Entretien du matériel de nettoyage : on ne lave pas avec du sale

On ne lave pas avec du sale : entretenir son matériel

L’entretien du matériel de nettoyage repose sur un principe de base : on ne peut pas laver avec du sale. Le résultat sera assurément négatif.

Ça a l’air d’une évidence. Pourtant, l’entretien du matériel de nettoyage est bel et bien la faille la plus répandue dans les édifices que nous visitons, tous secteurs confondus — bureaux, écoles, résidences, cliniques, usines, commerces. On investit dans les bons produits, on forme les gens sur les bonnes méthodes, on achète du matériel de qualité… et on range une vadrouille souillée, encore trempée, tête dans le seau, pour la ressortir telle quelle le lendemain matin.
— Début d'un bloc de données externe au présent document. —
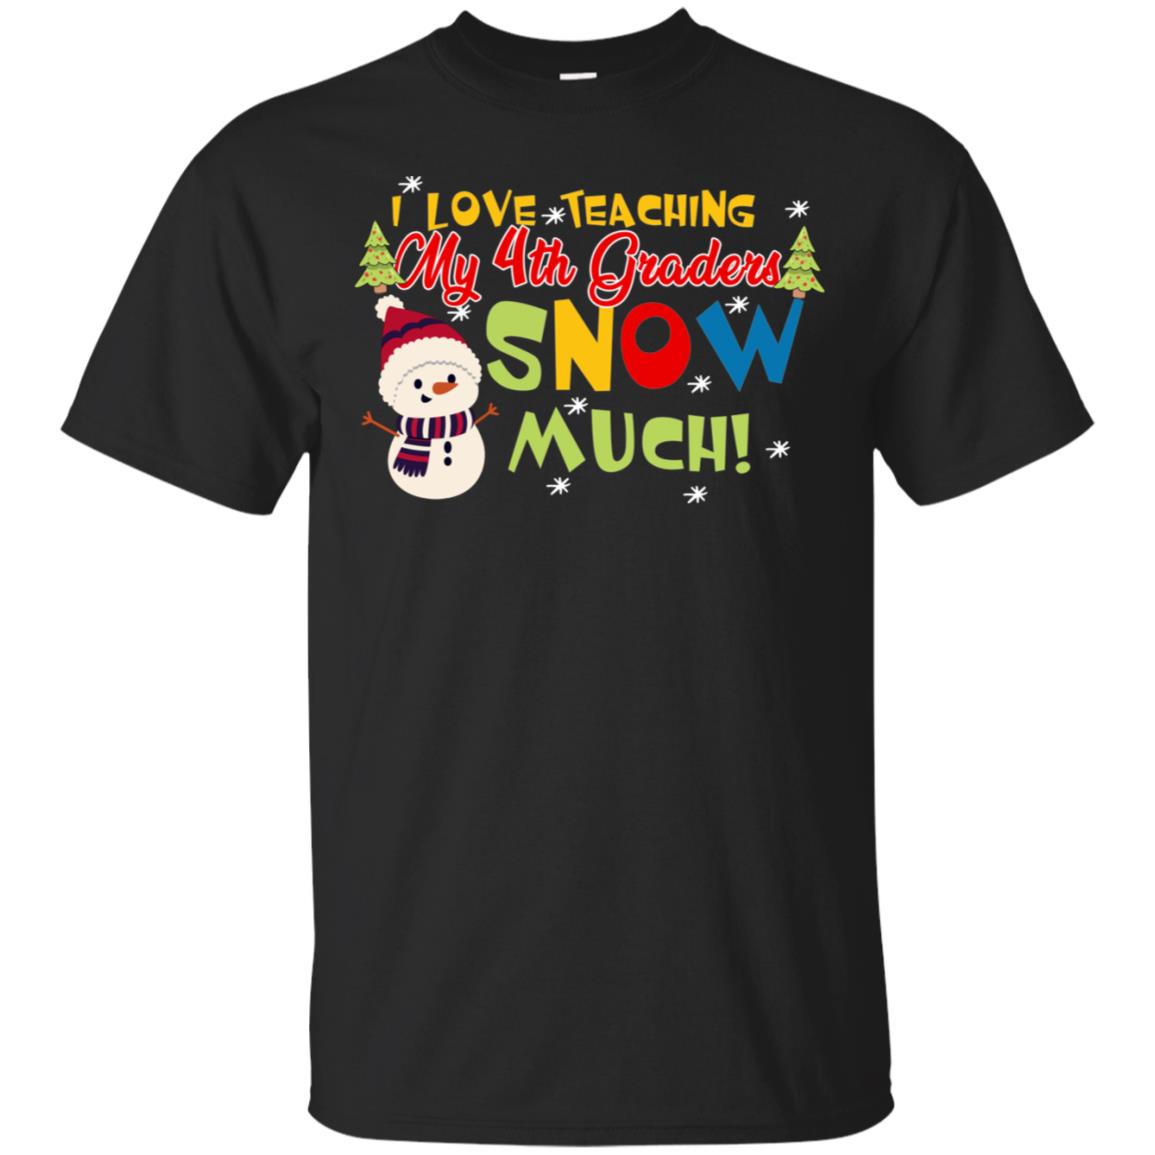 I Love Teaching My 4th Graders Snow Much X-mas Gift Shirt For TeachersG200 Gildan Ultra Cotton T-Shirt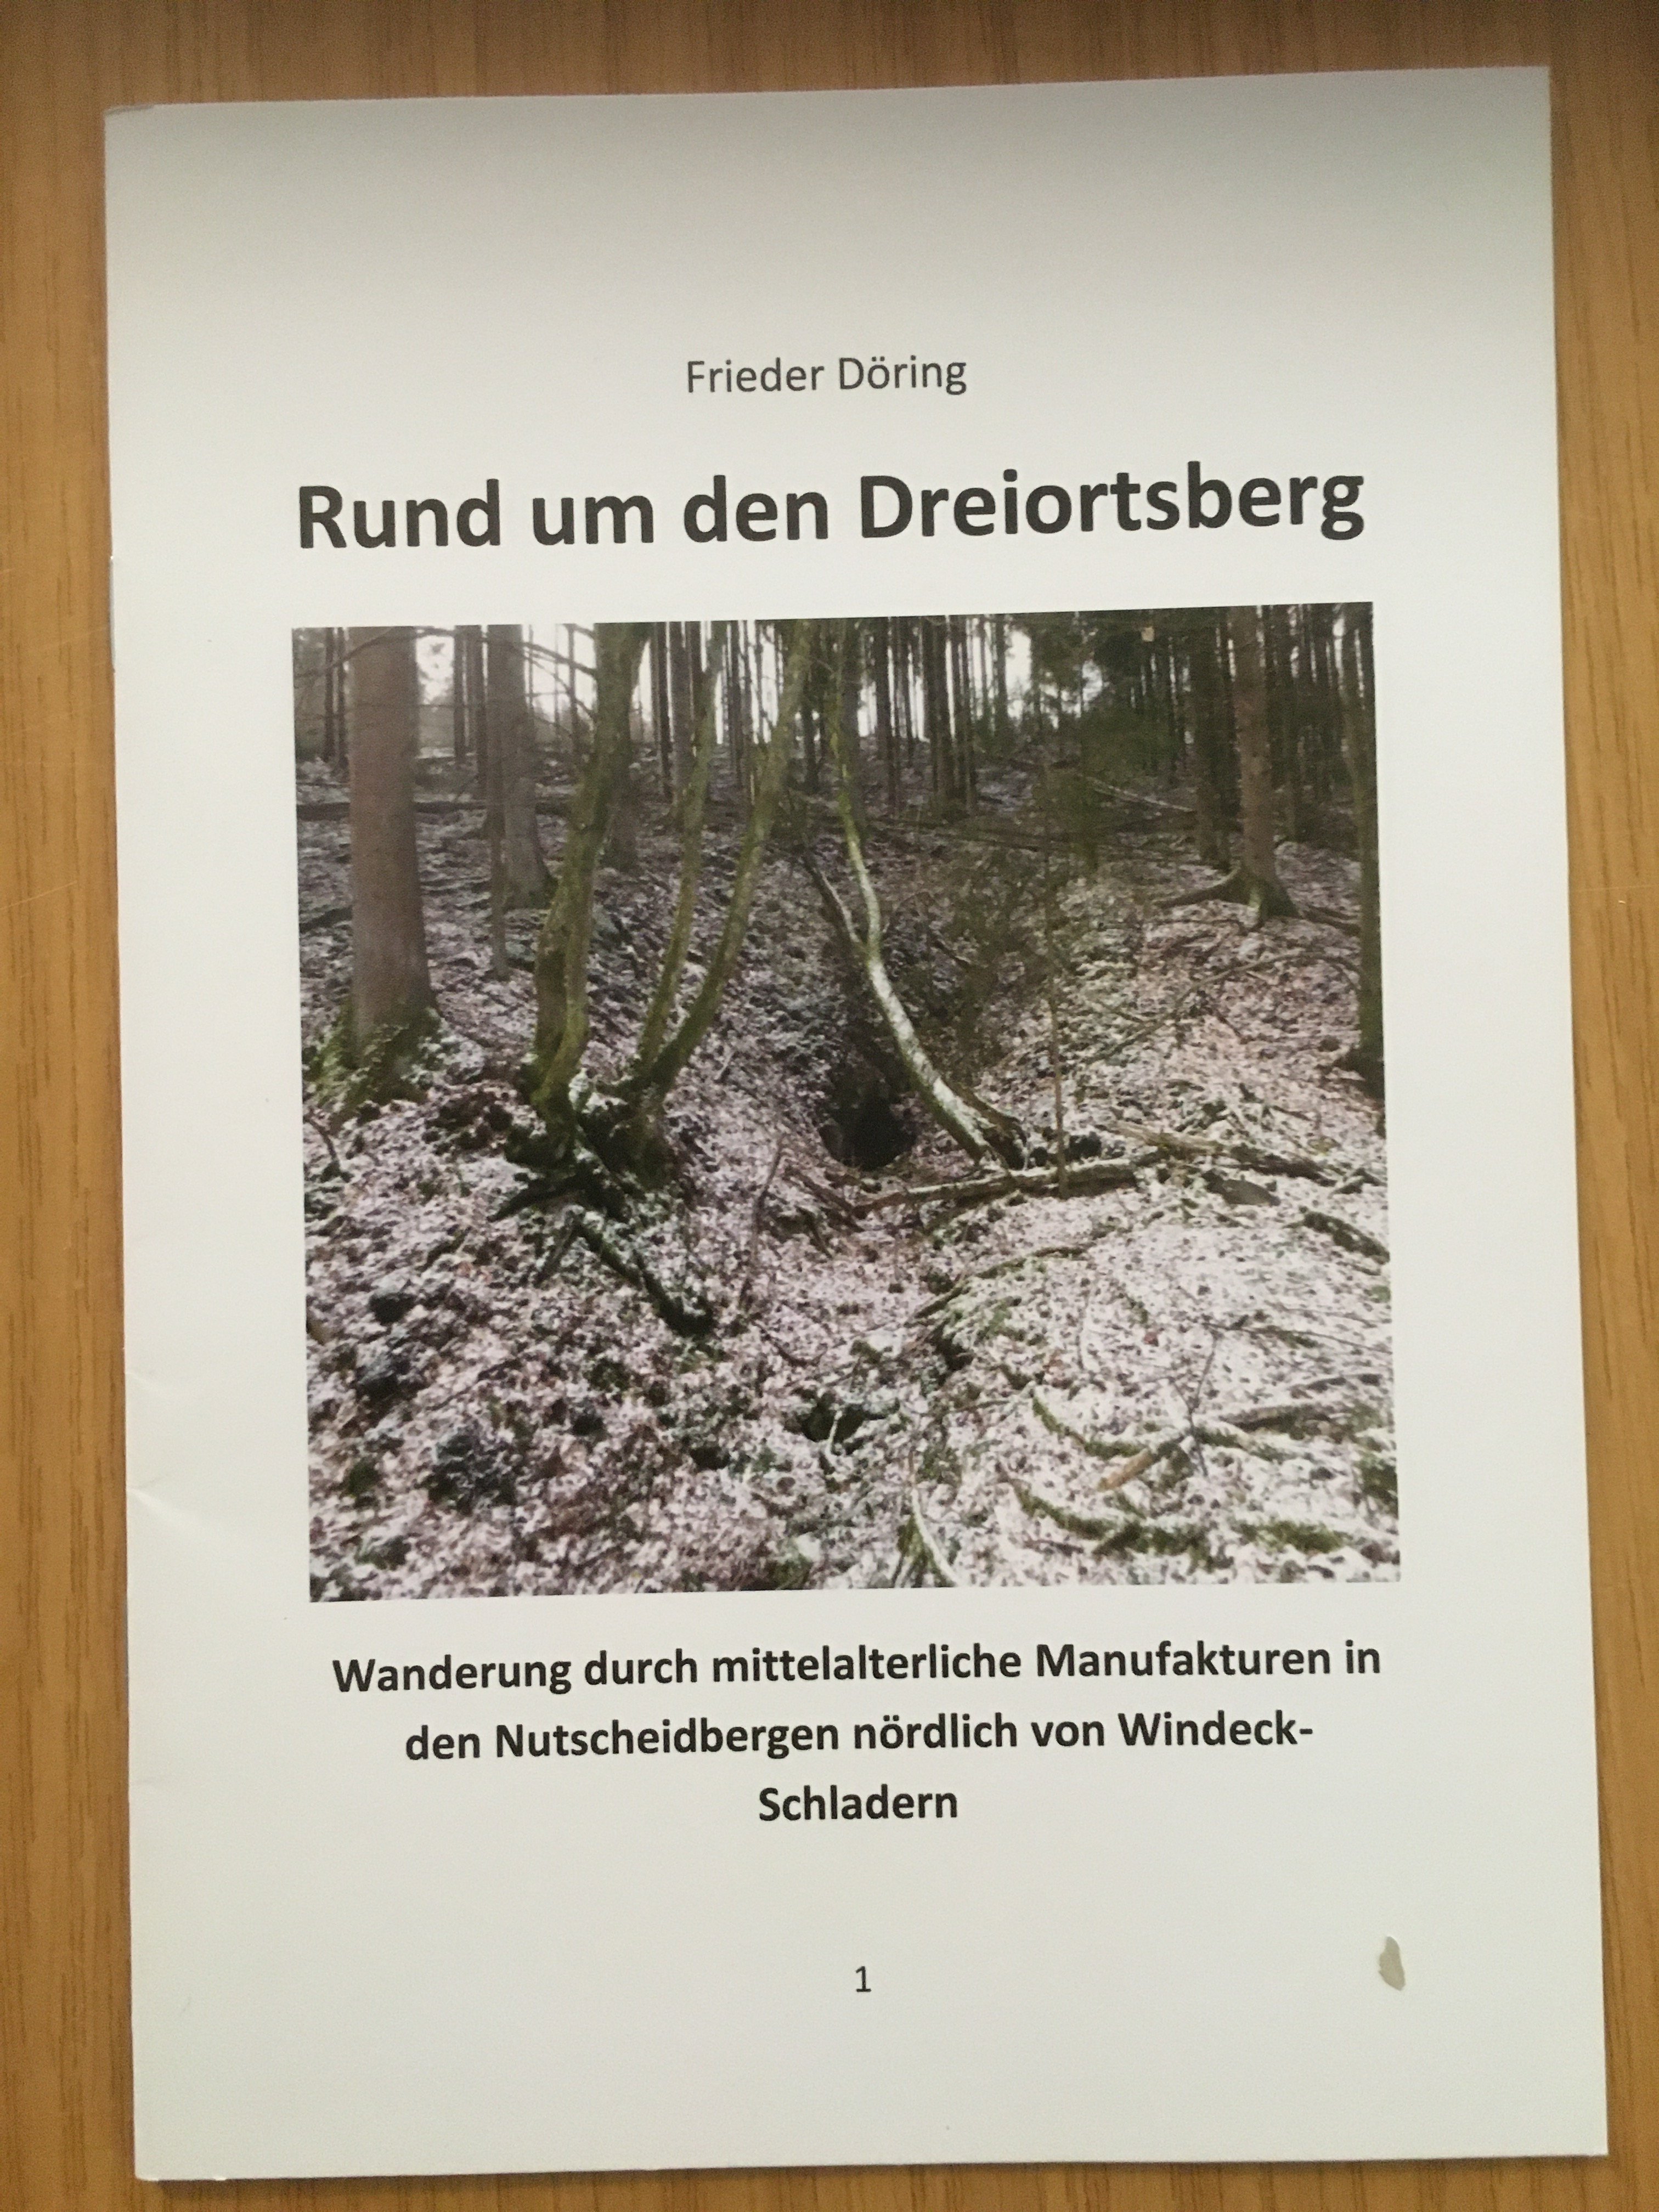 gfd (Besucherbergwerk und Bergbaumuseum "Grube Silberhardt" CC BY-NC-SA)

En effet, une vadrouille laissée dans cet état devient en quelques heures un milieu de culture. Elle est ensuite promenée sur tous vos planchers. Un linge réutilisé d’une pièce à l’autre transporte ce qu’il a ramassé dans la première. Voilà pourquoi le résultat n’est pas neutre : on a distribué plus de contamination qu’on n’en a retiré, tout en croyant faire du bon travail.

Or, c’est justement ce qui rend le problème si tenace : il est invisible, et il donne bonne conscience. Le plancher a l’air propre. L’odeur, elle, finit toujours par parler.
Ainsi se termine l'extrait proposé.